After both hearings, the chairmen released a joint statement summarizing the growing consensus that "executive authority on matters of war and peace has gone unchecked for many years" and declaring that Congress has a joint responsibility "when we send our uniformed men and women into harm's way." The chairmen concluded that these hearings would guide Congress' next steps to make "reform a reality."
One immediate reform is to repeal outdated and unnecessary authorizations for the use of military force. The most criticized is the 2002 measure, written to allow President George W. Bush to topple Saddam Hussein's regime, authorizing the president to "defend the national security of the United States against the continuing threat posed by Iraq."
But much has changed in the subsequent 19 years, of course. To begin, the United States is no longer at war with Iraq. Indeed, in the view of the State Department, Iraq is now "a key partner" in the Middle East. Nevertheless, the broad language has been stretched by subsequent presidents of both parties, Democrat Barack Obama and Republican Donald Trump, to support military actions unrelated to ending Saddam Hussein's rule. And finally, as Jack Goldsmith, a high-ranking George W. Bush administration official, explained last month, the law is now "unnecessary" because "every use of force in which the 2002 AUMF was invoked could have been justified independently" — either by the 2001 authorization of force enacted after the Sept. 11 attacks or by the president's commander-in-chief constitutional powers.
Two days after the hearing, Foreign Affairs approved legislation to repeal the 2002 war authorization written by Democrat Barbara Lee of California, who cast the singular "no" vote in Congress against the 2001 use-of-force measure. The legislation enjoys seven Republican cosponsors along with its 105 Democratic backers.

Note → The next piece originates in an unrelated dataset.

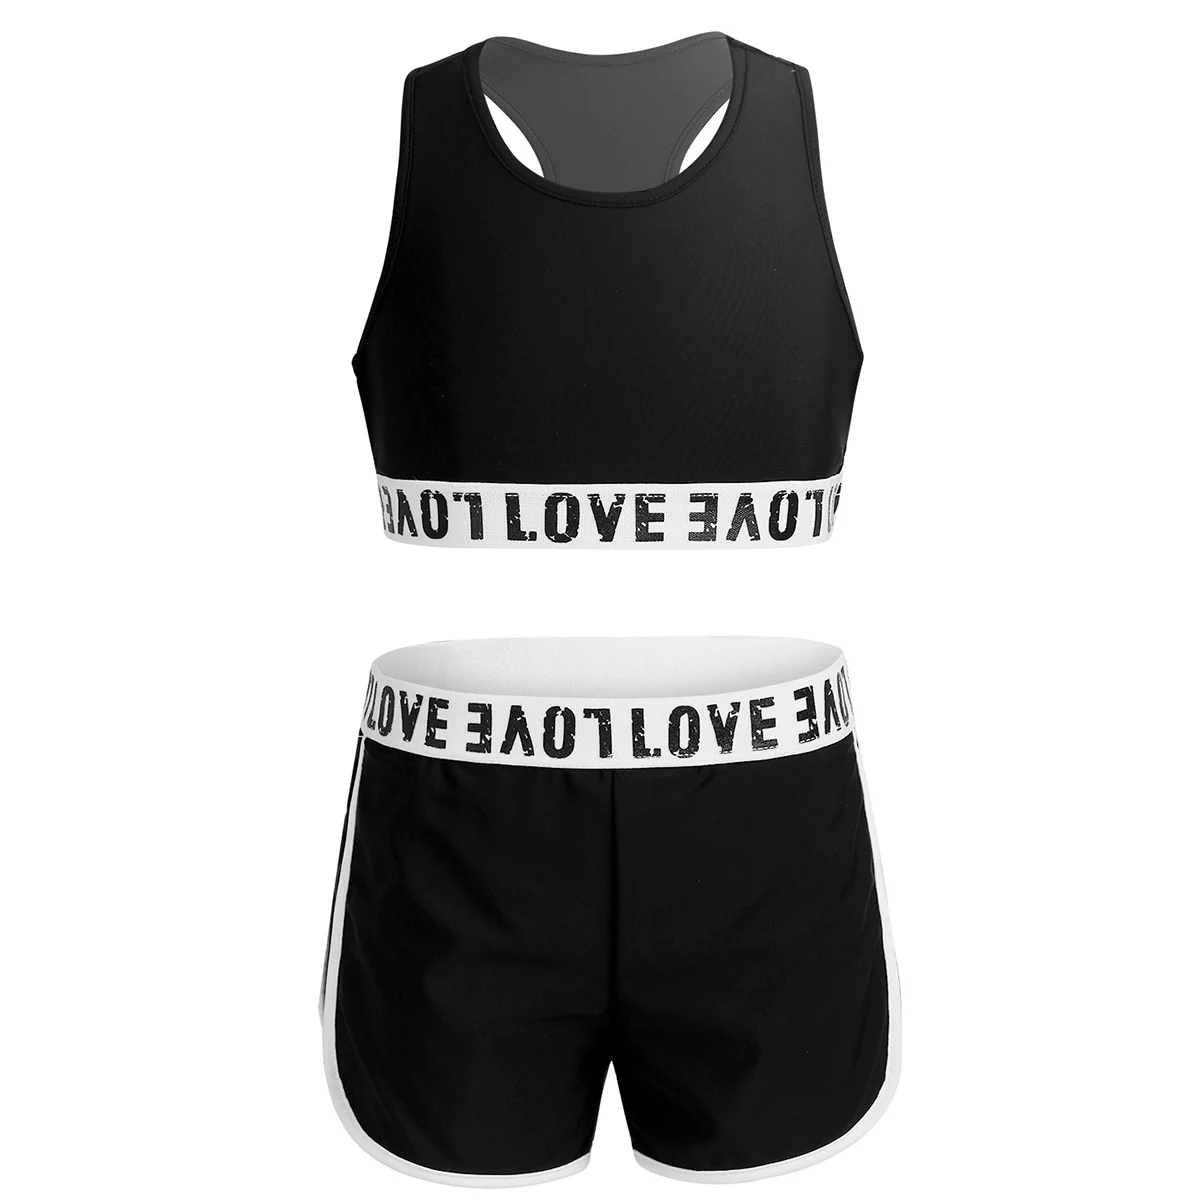 

Kids Girls Two-piece Dancewear Letter Printed Sleeveless Racerback Crop Top Shorts Set Ballet Gymnastics Workout Athletic Outfit

Lee's legislation isn't the only bipartisan bill on this topic moving through Congress. A measure recently introduced by Democrats Abigail Spanberger of Virginia and Jared Golden of Maine, along with Republicans Mike Gallagher of Wisconsin and Peter Meijer of Michigan, would repeal not only the 2002 law but also antiquated authorizations from 1991 (which precipitated the Persian Gulf War) and 1957 (to repel communism in the Middle East). There's also a Senate measure by Democrat Tim Kaine of Virginia and Republican Todd Young of Indiana to repeal both the 2002 and 1991 authorizations.
However, it is important that the effort not stop there. "Congress must do more than withdraw old permission slips and reduce America's heavy military presence abroad," Goldsmith wrote in a New York Times op-ed last month. "It should end its long acquiescence in presidential arrogation of war power by affirmatively prohibiting unilateral uses of force except in tightly defined circumstances of actual self-defense."
In other words, AUMF reform must be partnered with fundamental war powers reform to be effective.
In 2019, a coalition of good government groups articulated key principles for additional reform.
These include the reauthorization or sunset of all AUMFs after two years, a limitation on their scope, strengthened reporting requirements, tightened definitions of relevant terms such as "hostilities" and the cut-off of funds for any violations.
During a long Senate career that included almost four years as Foreign Relations Committee chairman, President Biden was a champion of stronger war powers for the legislative branch and weaker ones for the executive. But, historically, Congress hasn't been willing to take up this cause, while presidents of all ideologies have fought to protect their own expanding power.
Between the recent and widespread action in Congress and Biden's record as a senator, there finally may be the sort of cooperative spirit in Washington necessary to make war powers reform reality. As McGovern told his House Rules hearing, sometimes it is possible to catch "lightning in a bottle" — times such as this one.